Somerville’s housing market might already be the state’s hottest—the increase in single-family homes is nothing short of stunning—and if the Green Line has the effect Lilley anticipates, it won’t be good for everyone.
At a recent affordable-housing lottery at Somerville City Hall, a few dozen people anxiously watched as Danny LeBlanc, the CEO of the nonprofit Somerville Community Corporation, called out numbers linked to applications for a new development at 181 Washington Street in Union Square.
The anxiety in the room was palpable, and the odds were dauntingly long: just 35 units are being built—and 3400 people have applied.
Among them: Sonya Fuentes, a Somerville single mom who says she simply can’t afford to pay market rate.
“It would be too expensive,” Fuentes says. “Two bedrooms are about, like $2000 in Somerville.”
“I currently work at the airport, American Airlines,” she adds. “I get paid good, but not enough. So that’s why I’m here.”
It’s a far cry from the Somerville that LeBlanc moved to in 1976. He and three roommates shared a two-floor, four-bedroom apartment and split the rent. Their total cost: $250 a month.
Since then, LeBlanc has seen the Red Line extended Porter and Davis Squares, and watched housing prices climb across the city.
“This is not a perfect statement, but generally speaking, the western half of the city has gentrified more and sooner than the eastern half,” LeBlanc says. “So it’s kind of migrating east, we like to say.”
The Green Line Extension seems to be hastening that progression—but LeBlanc supports the project. For one thing, he argues, Somerville would be gentrifying regardless: an ever-increasing number of young, well-educated people want to live in cities, and there’s a massive lack of housing supply.
But he also considers the extension a matter of principle.
“Everybody ought to have good transportation in an urban area,” LeBlanc says. “And that especially means low and moderate income people who need it.
Of course, before they can take the train, they’ll need somewhere to live.
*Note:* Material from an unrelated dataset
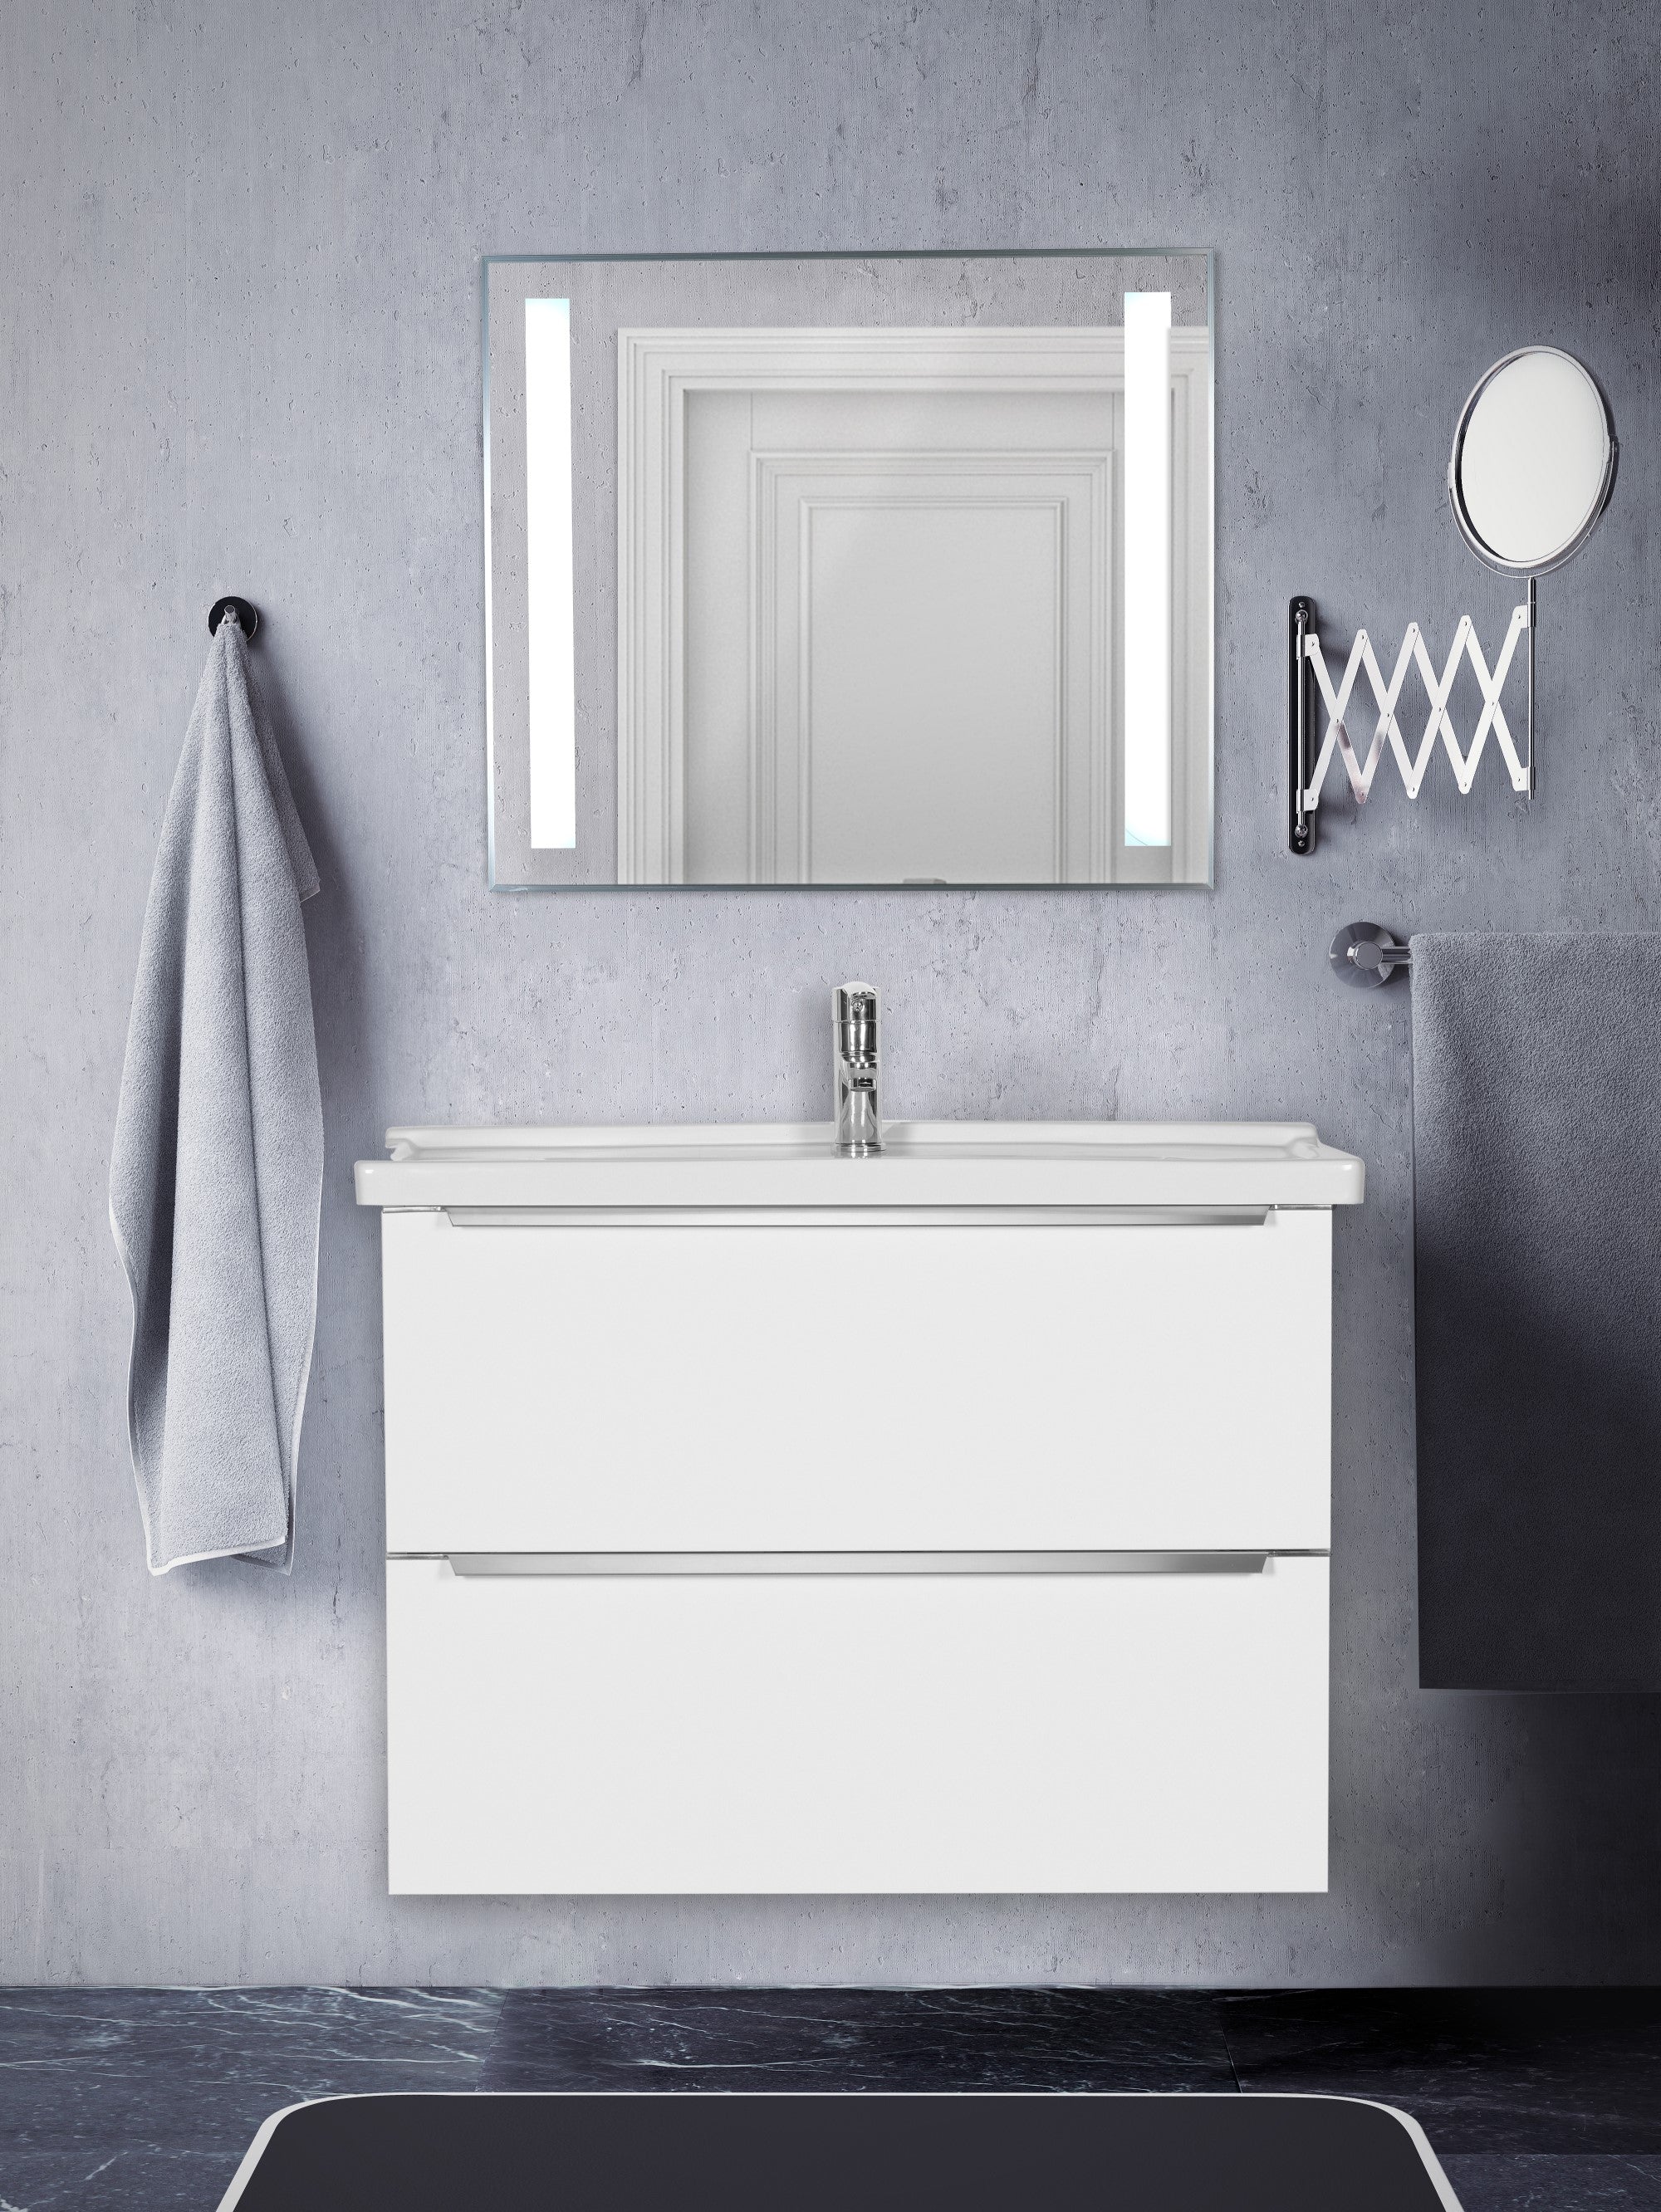 ARGENTO 24 INCH MODERN WALL MOUNT VANITY AND SINK COMBO WITH LED MIRROR - FOGIA GRAY

A recent change to Somerville’s inclusionary housing ordinance might help. Large new projects featuring 18 or more residences will have to set aside 20 percent of those units as affordable housing—a sharp increase from the existing set-aside rate of 12.5 percent.
But while that should alleviate some of the demand on the lower end of the market, it’s likely that Somerville will see more crowded, tense housing lotteries in the years to come.